In short: solve the ticket, stay local, don't wander.

The setup:

40 hand-selected PRs from OpenClaw, mid-complexity (100–300 LOC excluding tests)
Three runners: Auggie on Opus 4.7, Claude Code on Opus 4.7, Codex on GPT-5.4
Two variants per PR: baseline AGENTS.md (~18K chars) vs. AGENTS-karpathy.md (~20.5K chars)
6 runs per config, total 18 repeats per individual PR
Scored by an LLM judge on completeness, correctness, best practices, code reuse, and unsolicited documentation

What we did not test:

We didn’t test the effect of Karpathy-style guidelines on easy or hard PRs, so the effect might be different. It also doesn't apply to all AGENTS.md.
We ran a test on another repo where the instructions heavily overlap with the Karpathy skill, and unsurprisingly, there was no statistically significant difference.

Results

Cost, time, and tokens dropped

Every runner used fewer tool calls and finished faster. Each dot represents a separate, full 40 PR run. Relative change is calculated as percentage from average per baseline runs (without Karpathy).

Baseline vs Karpathy — Per-Run Results

	Auggie	Claude Code	Codex
Duration	−3%	−7%	−7%
Tool Calls	−3%	−8%	−6%
Cost	−3%	−10%	−8%

The reduction came mostly from fewer searches and fewer file reads. The agents found what they needed in fewer lookups. Not always without impact on performance. Tool call failure rates stayed flat at 5–8%. Same directional change for every runner.

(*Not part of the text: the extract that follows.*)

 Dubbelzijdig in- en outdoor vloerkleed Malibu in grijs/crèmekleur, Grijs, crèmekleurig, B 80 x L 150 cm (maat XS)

Output tokens fell by similar margins across runners. Per PR, Karpathy was faster and cheaper on about 30 of 40 PRs. The pattern held across all three agents.

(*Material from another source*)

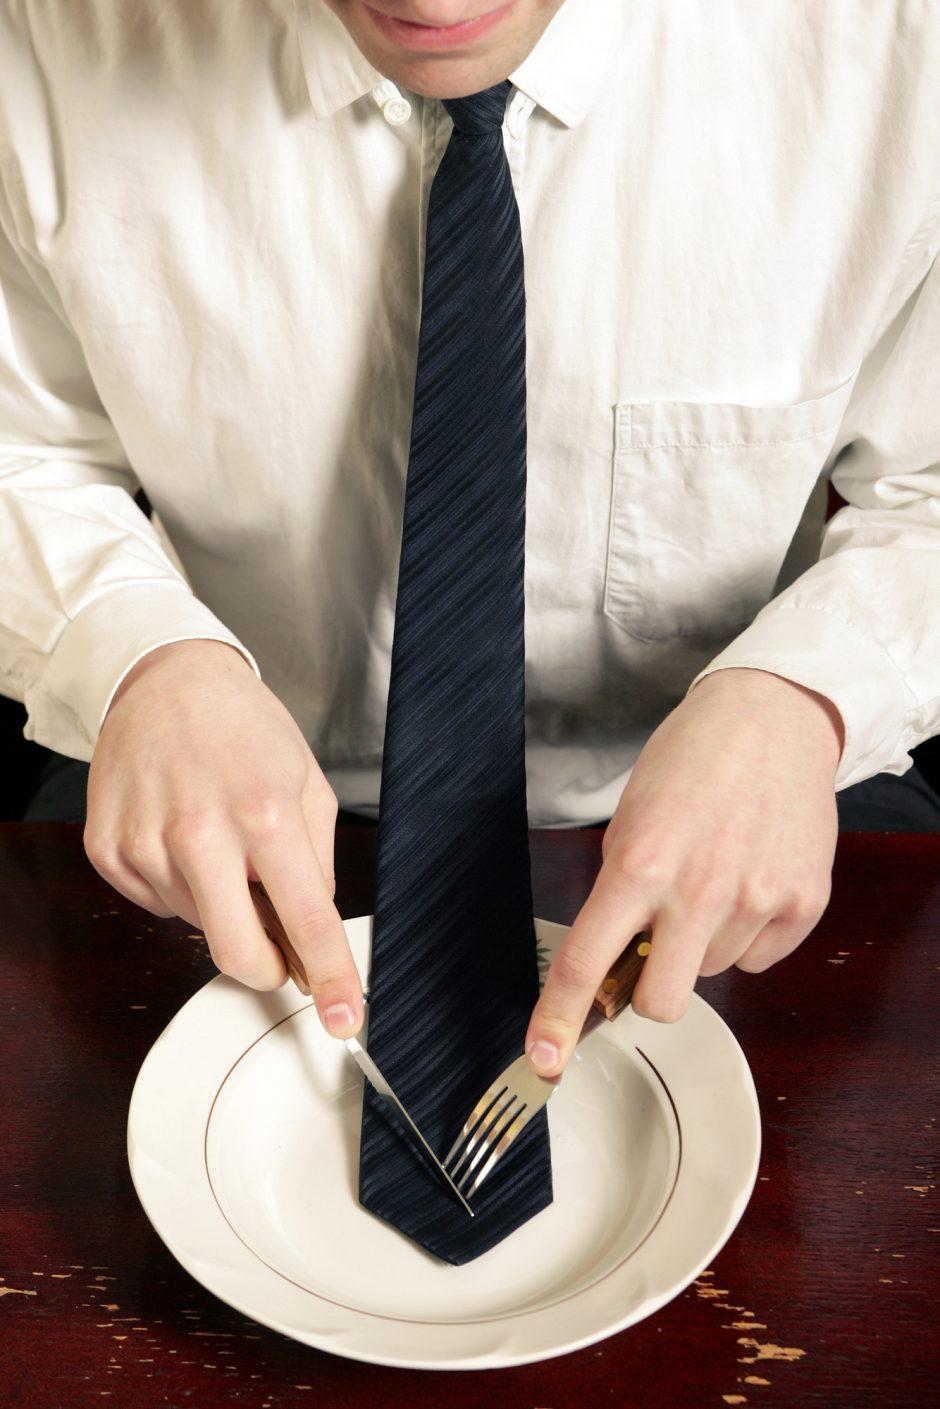 Bankrutuoja maisto į namus pristatymo bendrovė

A 3–10% efficiency gain from a small prompt change isn't a model breakthrough. If you're running a coding agent at scale, it's still real money, real latency, and real capacity.

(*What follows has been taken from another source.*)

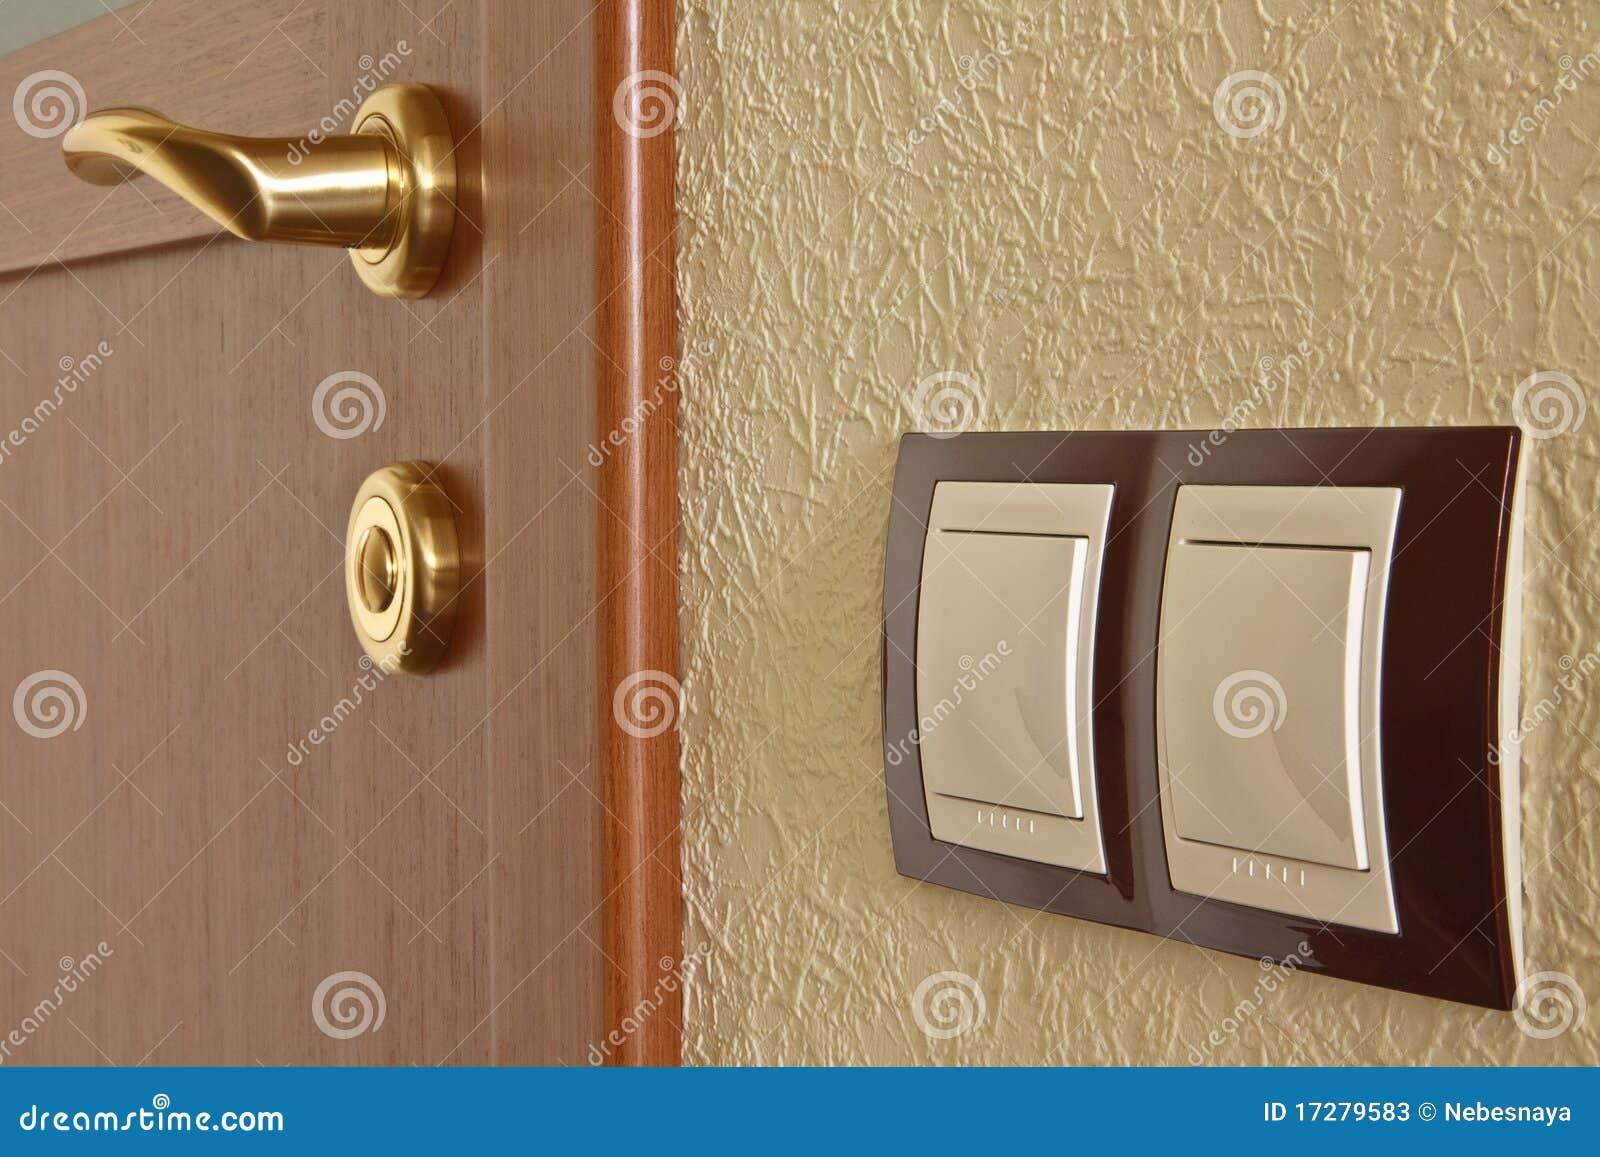 Inre ljus strömbrytare för dörr arkivfoton   bild: 17279583

Less sidequesting with the same quality (mostly)

	Auggie	Claude Code	Codex
Quality Score	+0.00	-0.07	+0.00

By the judge's score, the code didn't get better.

Open circles are baseline, solid green markers are Karpathy. Each score is in the [-1.0, 1.0] range, delta is showcased on chart.

Results on per-run quality score

Auggie, Codex did the same, but Claude Code has -0.07 (similar to Opus → Sonnet drop). It degraded on multiple sub-metrics. Correctness fell by 0.07, completeness by 0.06. A closer look at the data reveals why: Claude Code with Karpathy guidelines has more conservative trajectories, touching ~5% fewer files per task.

Karpathy-style guidelines don’t transfer uniformly across agent harnesses and repositories. While objectives there are meaningful for software engineering tasks, the baseline system prompt and orchestration of each system are different. In Codex, the guidelines likely add useful structure (improving efficiency). In Augment, the baseline prompt already encodes similar constraints, so the marginal impact is smaller. In Claude Code, the system prompt may already be highly constrained, so layering additional constraints could reduce exploration and degrade performance.

Less extra documentation

	Auggie	Claude Code	Codex
Overall score	+0.00	-0.07	+0.00
Completeness	-0.02	-0.06	+0.01
Correctness	-0.01	-0.07	-0.02
Best Practices	-0.01	-0.03	−0.00
Code Reuse	-0.00	-0.05	+0.02
Unsolicited Docs	+0.06	+0.05	+0.06

One sub-metric moved in the same direction for every runner: Unsolicited Docs scored better.

That tracks. The Karpathy rules told the agents not to add features beyond the ask and not to "improve" nearby code, comments, or formatting. The agents listened and did less unrequested work.

Per PR

Averaged across all runners per PR:

Cost, Duration: Karpathy is faster and cheaper on 30 of 40 PRs, consistent across all runners
Quality: Karpathy is stable with 20/20 wins, apart from Claude Code

The code itself didn't reliably get better, but the path got shorter.

AGENTS.md is a cheap control layer - use it wisely

A good AGENTS.md is a cheap control layer, and in a sense is an extension (tailored for specific repos) of your system prompt. It provides behavioral and domain constraints tailored to your repository. This experiment shows that such guidelines consistently result in faster, cheaper runs with fewer tool calls, however the quality stays the same or drops, depending on the harness.

If you're running coding agents at scale, adding Karpathy-style guidelines could give you a free lunch, but it should be calibrated to your existing setup.